Virologic failure is a concern for HIV doctors because it means patients' HIV levels either never fall or are suppressed initially before rebounding. Virologic failure can be a sign that a patient's HIV is mutating in ways that make it more resistant to treatment.

Investors were expecting to see higher rates of virologic failure in TMC278 patients compared to Sustiva based on phase II data previously presented. But what's not yet clear from the new data are the sorts and severity of the HIV mutations being caused by TMC278.

In previous phase II studies followed for two years, the virologic failure rates for TMC278 and Sustiva equalized between the first and second years. It remains to be seen whether the same thing happens in the phase III studies, which is why investors are still viewing Btripla with some caution.
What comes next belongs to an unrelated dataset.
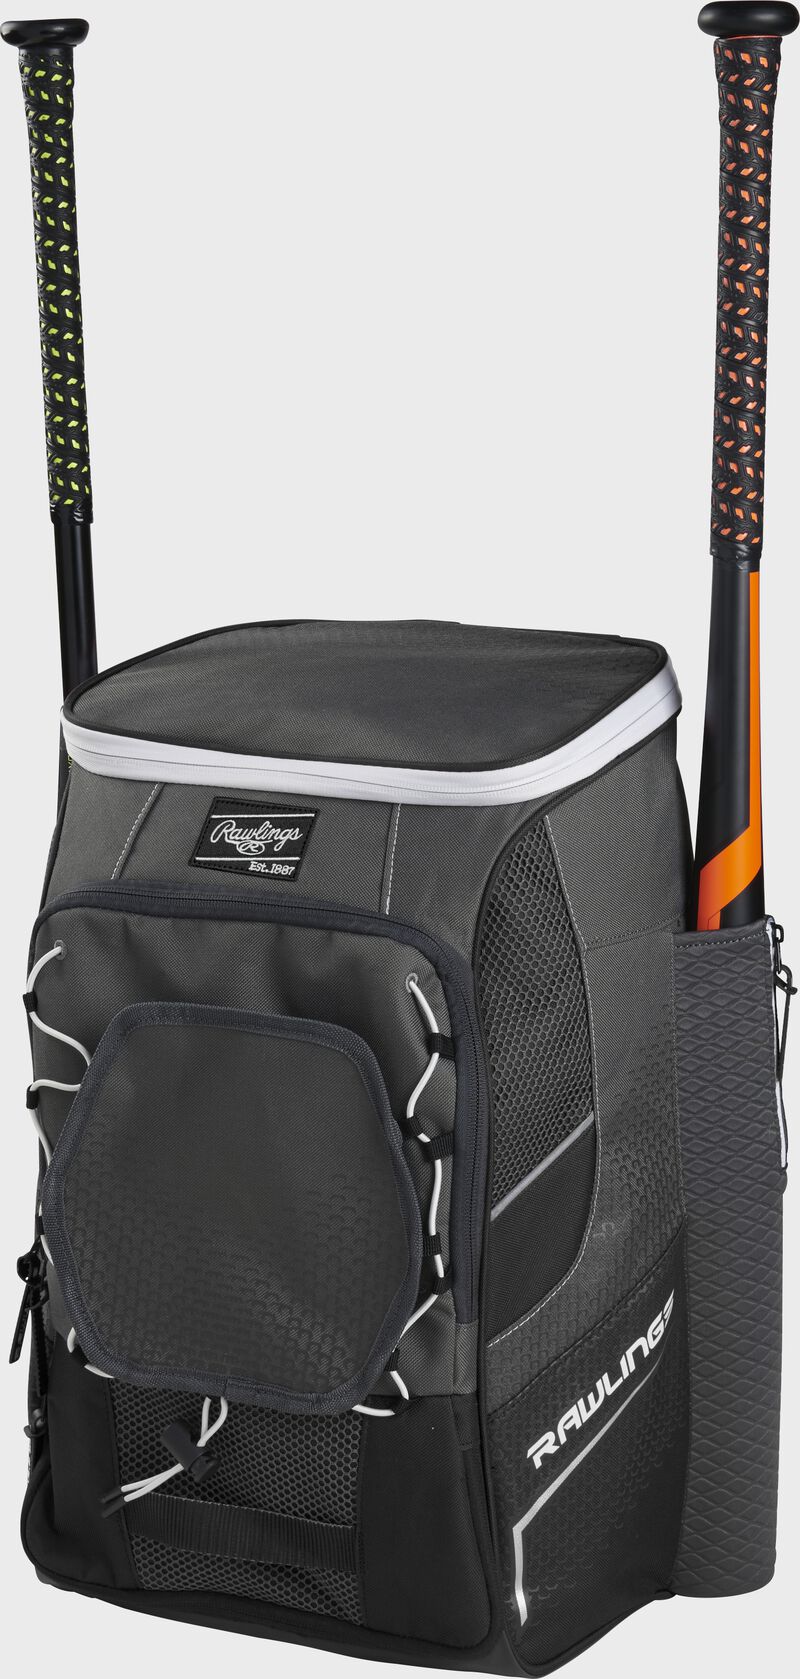 Front right angle view of a black Impulse backpack with two bats in the side sleeves - SKU: IMPLSE-B loading=

Gilead may also have to contend with competition from other, new HIV drugs in development, including a so-called integrase inhibitor from GlaxoSmithKline(GSK) that has data being presented at the same IAS meeting this week.

During a conference call with investors Monday morning, ISI Group biotech analyst Mark Schoenebaum said his initial feedback on Btripla from an HIV doctor indicated some reluctance to use Btripla over Atripla based on the virologic failure data released over the weekend.

At the same time, Schoenebaum reiterated his position that Gilead "continues to look really cheap" at these stock levels. He pegs fair value today in the $45 range.

Gilead will release second quarter earnings Tuesday afternoon. The company is expected to earn 87 cents a share on an adjusted basis on total revenue of $1.96 billion. Worldwide HIV sales are expected to reach $1.59 billion. Investors will be paying close attention to Gilead management's discussion of U.S. demand for its HIV drugs as well as efforts by some European countries to cut the price of HIV drugs.